Harvester1.jpg (89076 bytes)In order for precision agriculture to be useful for California rice production, the underlying causes of observed variability in grain yields must be determined.   Researchers monitored electrical conductivity (EC) to determine differences in salinity and clay content and examined infrared photography to analyze crop vegetative canopy.  Differences between aerial images and the EC map indicate variability is not caused by soil factors.  Similarly, differences in yields compared to aerial photographs did not show a correlation with vegetative growth.

A statistical analysis of last year’s results is still in progress.  However, a visual interpretation of the data from 1998 and 1999 indicates that laser leveling appears to have reduced yield variability.  An elevation map of the field made in 1998 indicates that yield was lowest in the lowest areas of the field.  An aerial photograph of the field taken in May 1998 indicates that rice emerged from the water latest in the low areas of the field.  This may have reduced yield in those areas due to the short season that year.   Visual comparison of soil mineral nutrient levels, as well as electrical conductivity, indicates that the area of highest yield corresponds to the area of highest soil phosphorous, suggesting a possible deficiency for that nutrient.  This year researchers are planning to collect soil samples in high and low yielding areas.

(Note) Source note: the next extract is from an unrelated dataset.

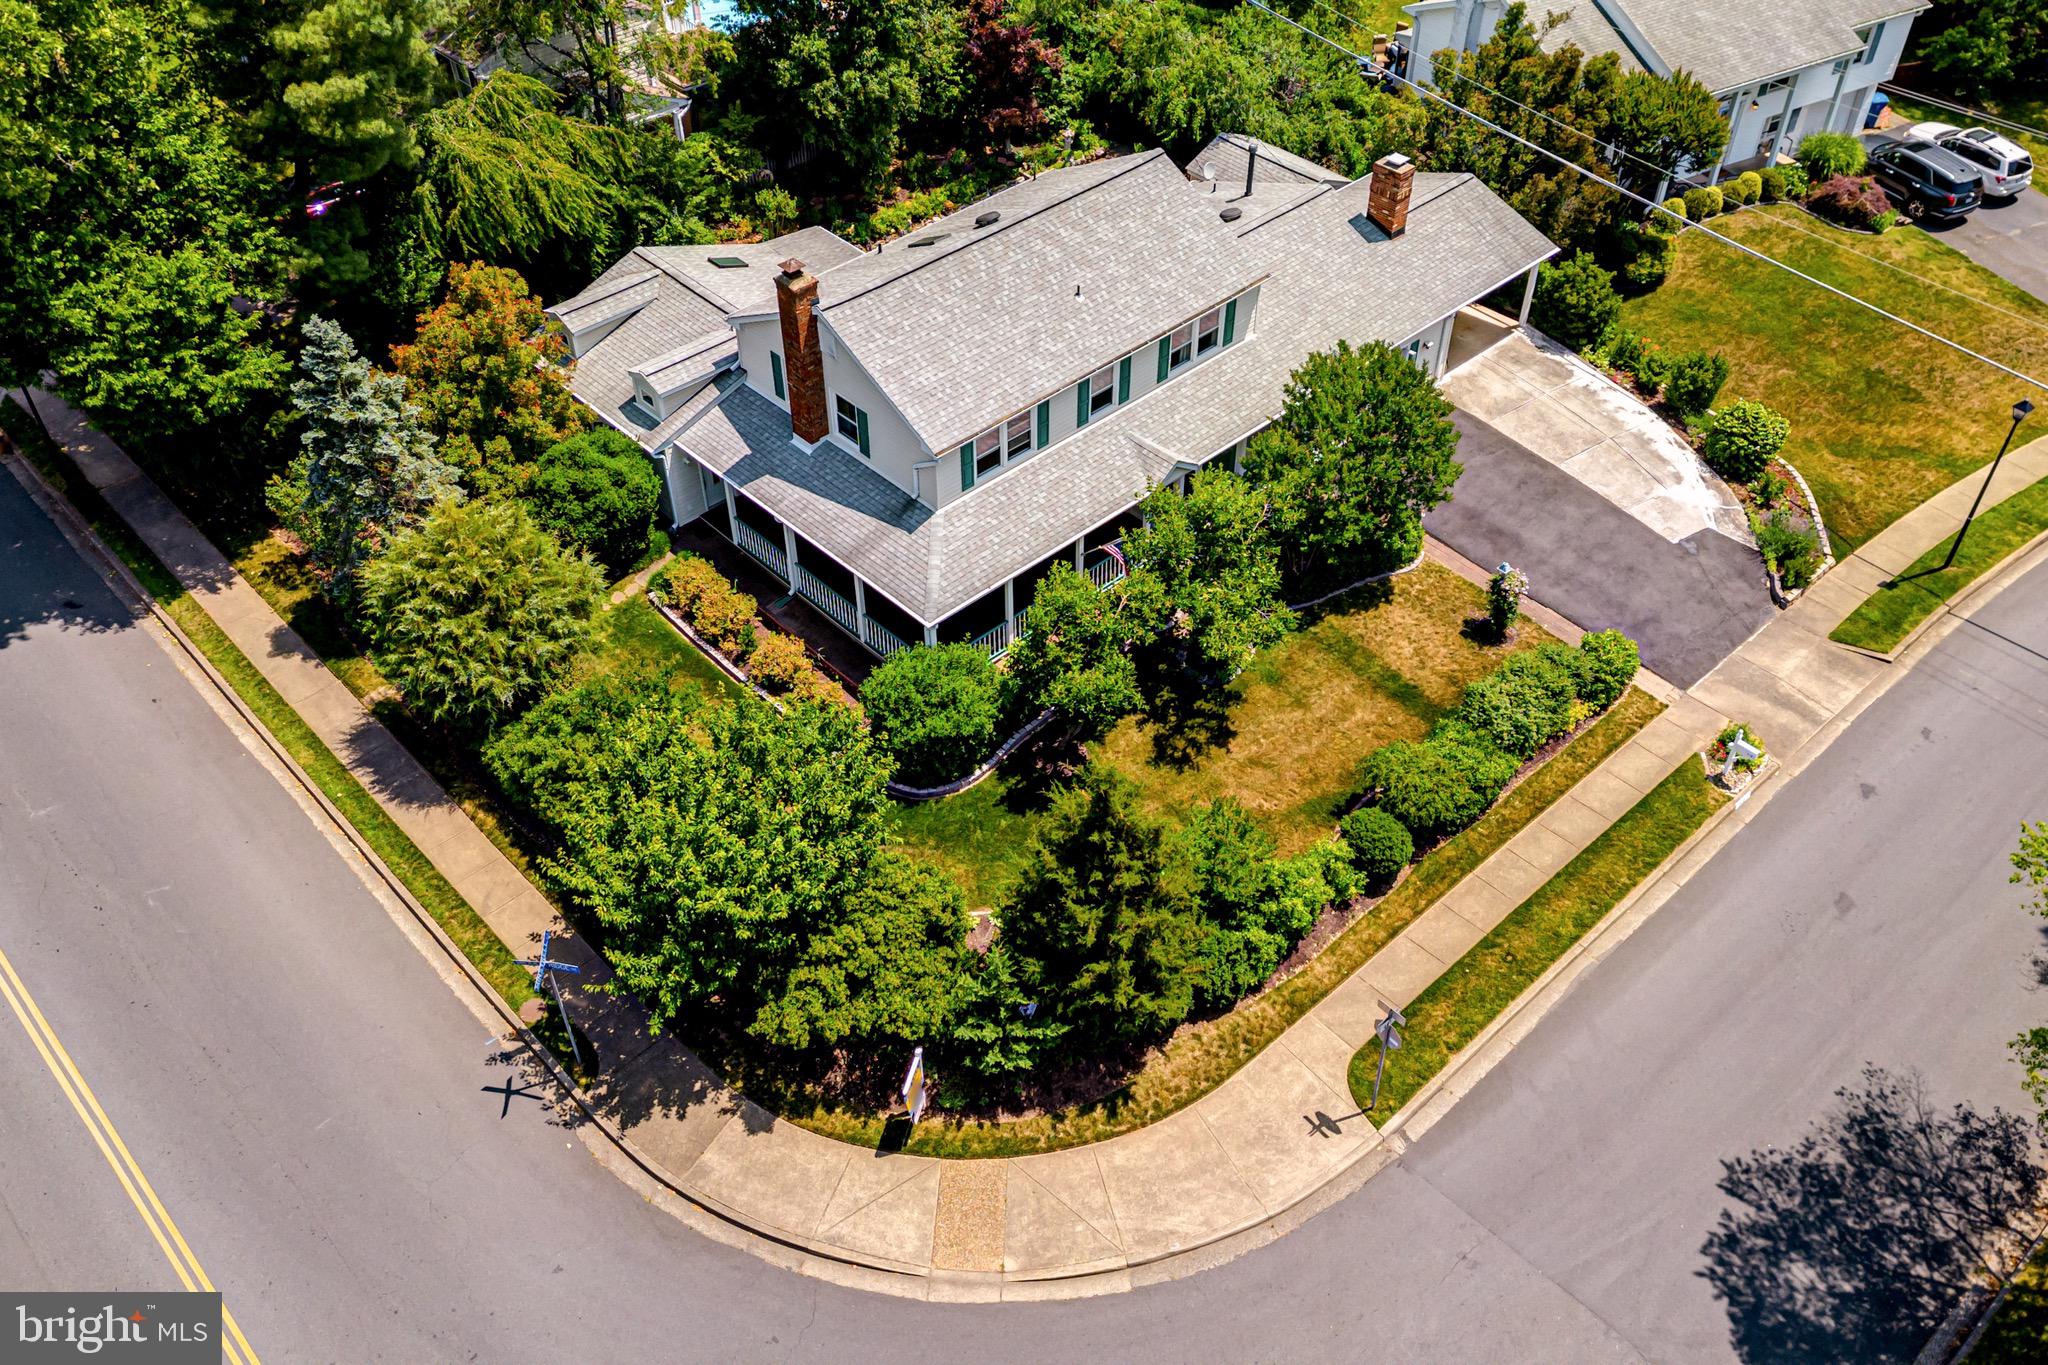 an aerial view of a house with a garden and plants

Fields planted to specialty rice appear to be even more susceptible to soil variability.  The Koshihakari field had two large low-yielding areas.  These are easily visible on the aerial photograph, suggesting the cause of the low yield is a reduced vegetative stand.  Leaf tissue samples collected from the field are still undergoing laboratory analysis but visual inspection of the field confirmed this.   Direct sampling is planned for 2000 to further assess the cause of low yields.